Where does Ludo come from?

Ludo feels like a modern family game, but its story goes back many centuries. It began in India, changed shape in Victorian England, and then spread to almost every country on Earth under a pile of different names.

Quick answer: Ludo comes from Pachisi, a cross-and-circle race game from ancient India. A simplified version was patented in England in 1896 under the name Ludo. The name is Latin and means 'I play'.

It started in India with Pachisi

The oldest ancestor of Ludo is Pachisi, a race game from India. Players moved pieces around a cross-shaped board, often made of cloth, and threw cowrie shells instead of dice. Pachisi is centuries old and is sometimes called the national game of India.

The Mughal emperor Akbar loved the game in the 1500s. Courtyards at his palaces were laid out as giant Pachisi boards, and members of his court moved around them as living pieces.

England gave the game its name in 1896

In the late 1800s, simpler versions of Pachisi reached Britain. One of them was patented in England in 1896 under the name Ludo. It swapped the cowrie shells for a normal six-sided die and trimmed the rules so families could learn the game in minutes.

The word Ludo is Latin for "I play". You can read more about the name in why is it called Ludo.

One old game, many national versions

Pachisi did not only turn into Ludo. Different countries built their own versions of the same race game:

  • Parcheesi became the popular American version in the 1800s.
  • Mensch ärgere Dich nicht appeared in Germany in the early 1900s.
  • Fia is the Swedish version, famous for captures that push tokens away.
  • Uckers grew up on ships of the British Royal Navy.

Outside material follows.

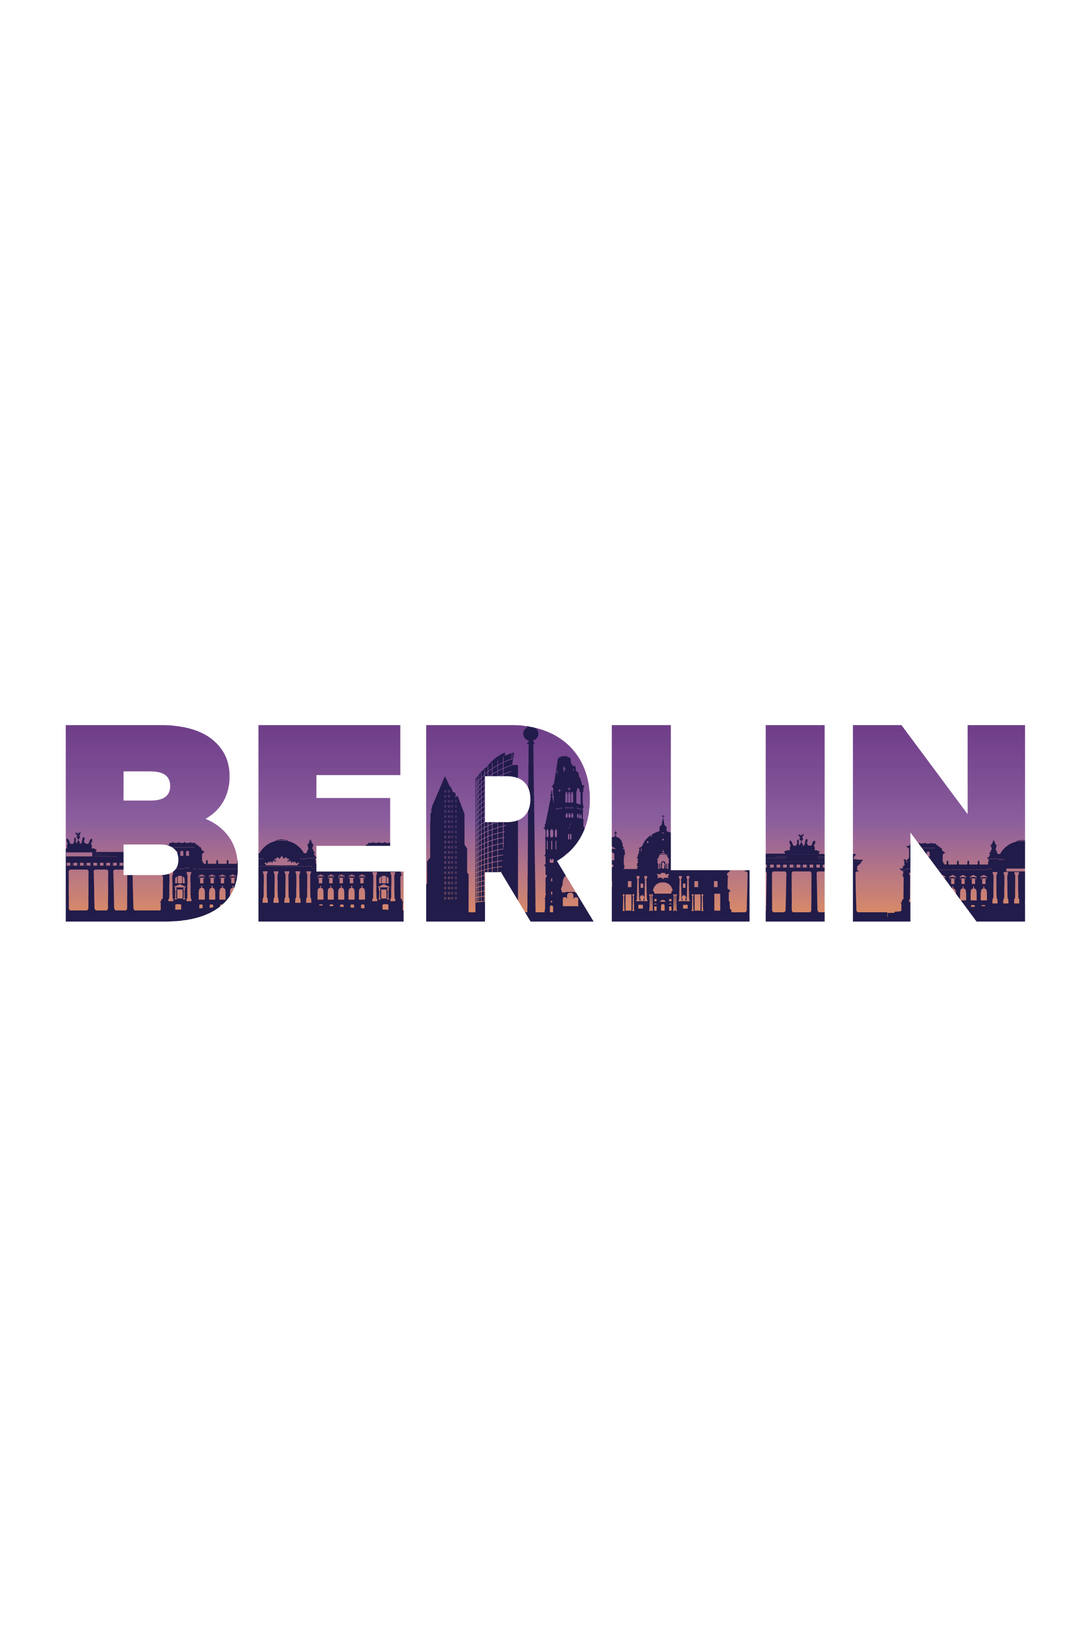 Berlin Skyline Printed T-Shirt For Women - WowWaves - 1

Where you can play the whole family

You do not need eight boards to explore this history. Ludo.now has free browser versions of Classic Ludo, Pachisi, Parcheesi, Uckers, Mensch ärgere Dich nicht, and Fia, plus faster modern modes. Every game is free, with no download, and pages load instantly.

Related questions

Why is it called Ludo?

The name Ludo is Latin. It means 'I play'. The name was attached to the game when a simplified version of the Indian game Pachisi was patented in England in 1896.

What is Pachisi?

Pachisi is the centuries-old Indian game that Ludo grew from, traditionally played on a cross-shaped cloth board with cowrie shells for dice. On this site, Pachisi is played the traditional way: you throw six cowrie shells, grace throws of 6, 10 or 25 bring new pieces in and repeat your turn, 12 castle squares are safe, and every capture earns another throw.

What is the difference between Ludo and Parcheesi?

Ludo and Parcheesi are cousins that both descend from the Indian game Pachisi. The biggest differences: Ludo throws one die and enters tokens on a six with no blockades, while Parcheesi throws two dice, enters on a five, lets two of your pawns form an impassable blockade, and rewards every capture with a 20-square bonus move.